◆ **THE DATA**
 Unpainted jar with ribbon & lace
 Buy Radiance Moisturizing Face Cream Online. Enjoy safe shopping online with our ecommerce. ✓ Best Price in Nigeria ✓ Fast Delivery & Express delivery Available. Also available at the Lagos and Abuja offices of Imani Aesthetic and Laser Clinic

...

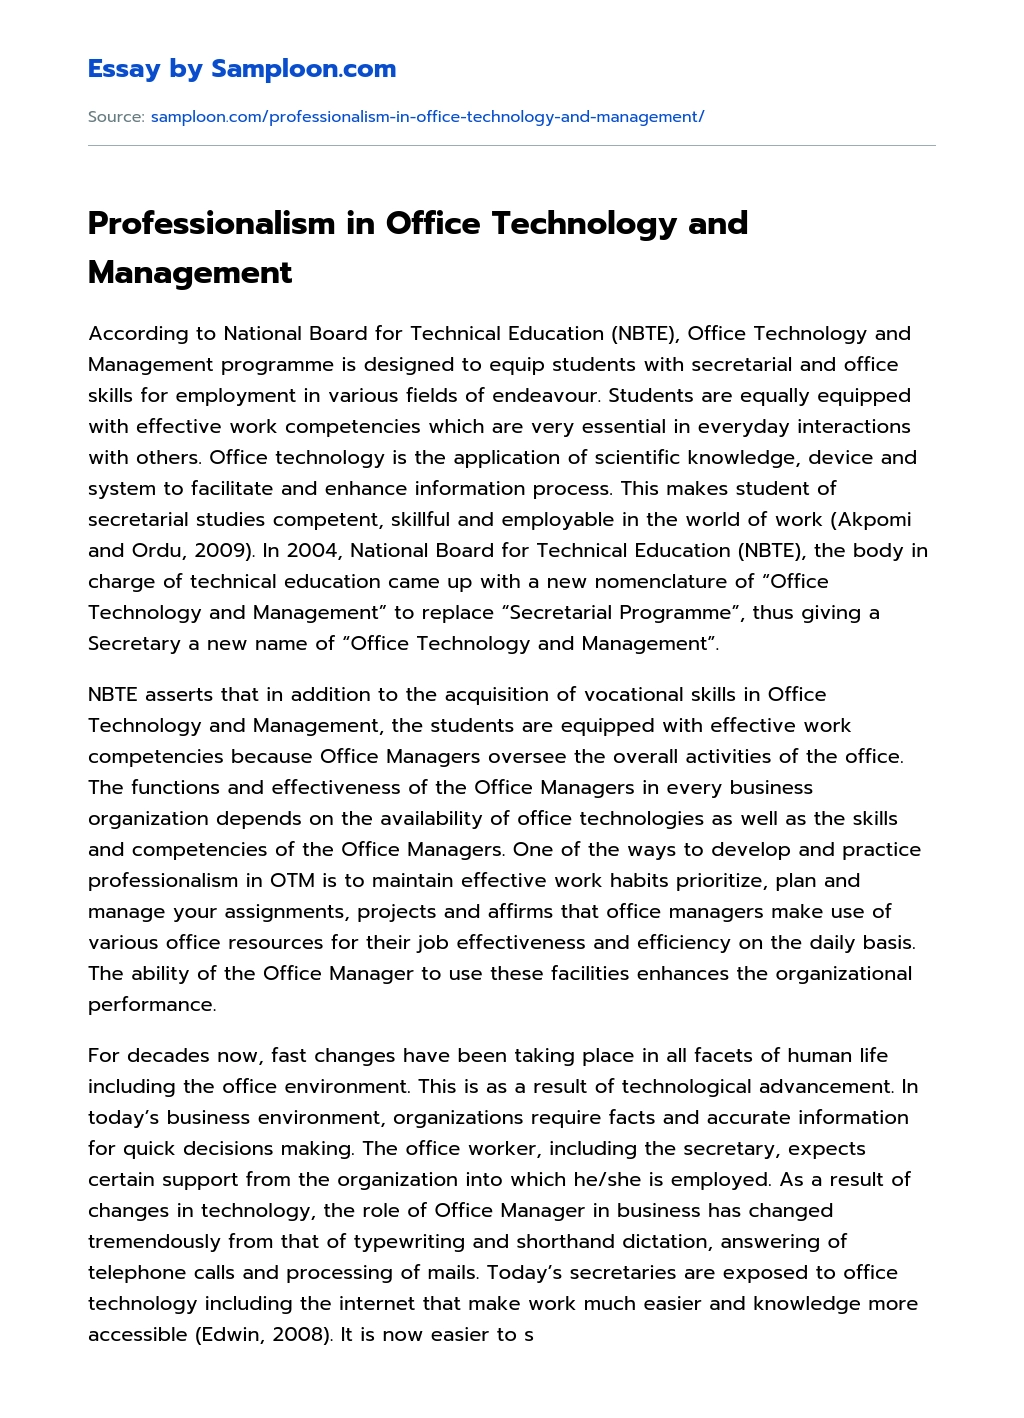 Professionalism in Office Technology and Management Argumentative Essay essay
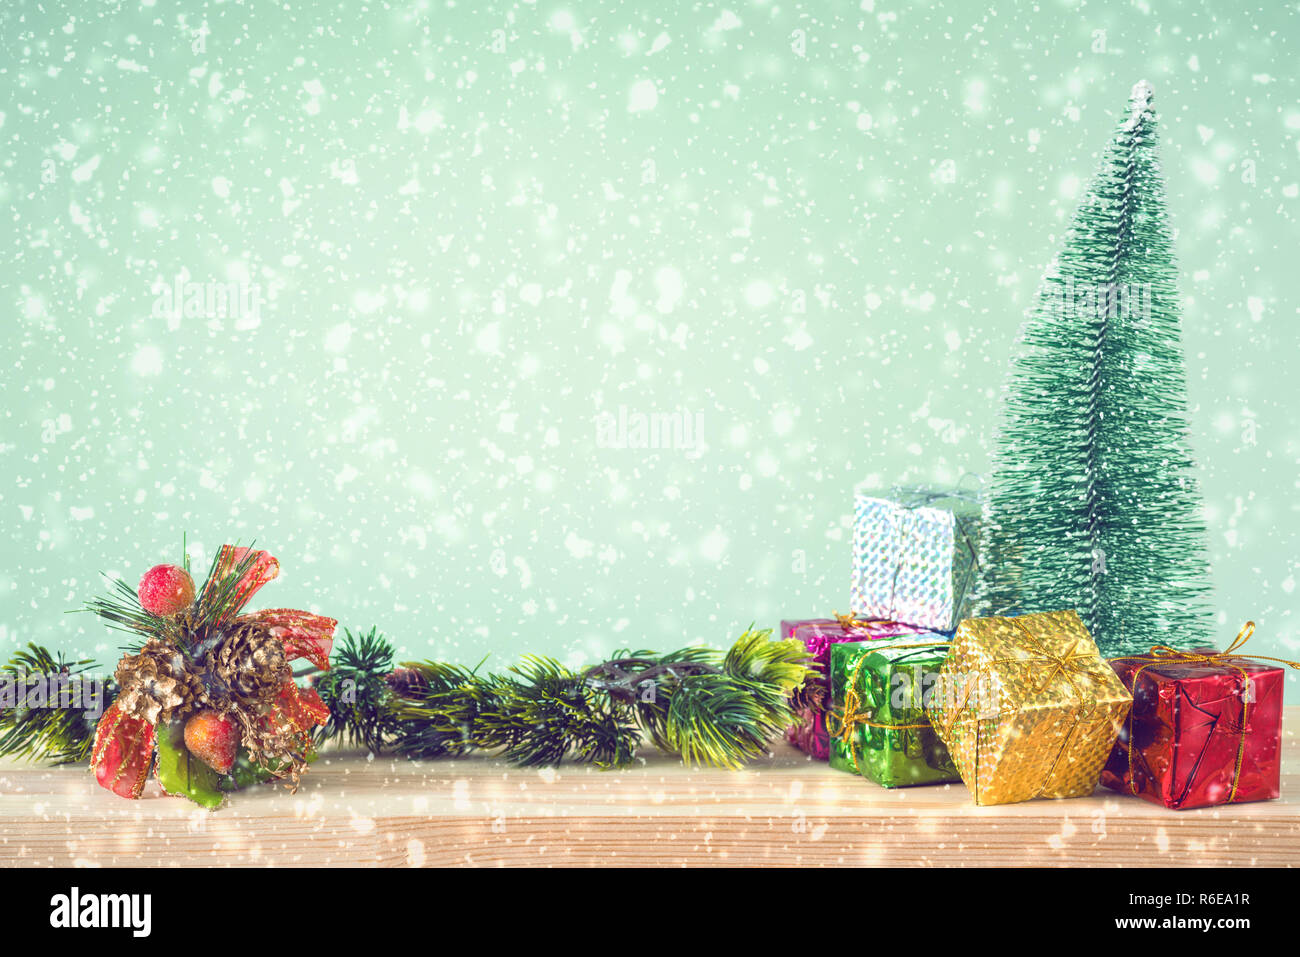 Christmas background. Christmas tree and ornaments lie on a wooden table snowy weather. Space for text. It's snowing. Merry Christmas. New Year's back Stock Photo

◆ **TO DO**
Reproduce the lines above, beginning at the line with "Unpainted jar with ribbon & lace" and stopping after the line with "Buy Radiance Moisturizing", exactly as they are.

◆ **EXPECTED OUTPUT**
 Unpainted jar with ribbon & lace
 Buy Radiance Moisturizing Face Cream Online. Enjoy safe shopping online with our ecommerce. ✓ Best Price in Nigeria ✓ Fast Delivery & Express delivery Available. Also available at the Lagos and Abuja offices of Imani Aesthetic and Laser Clinic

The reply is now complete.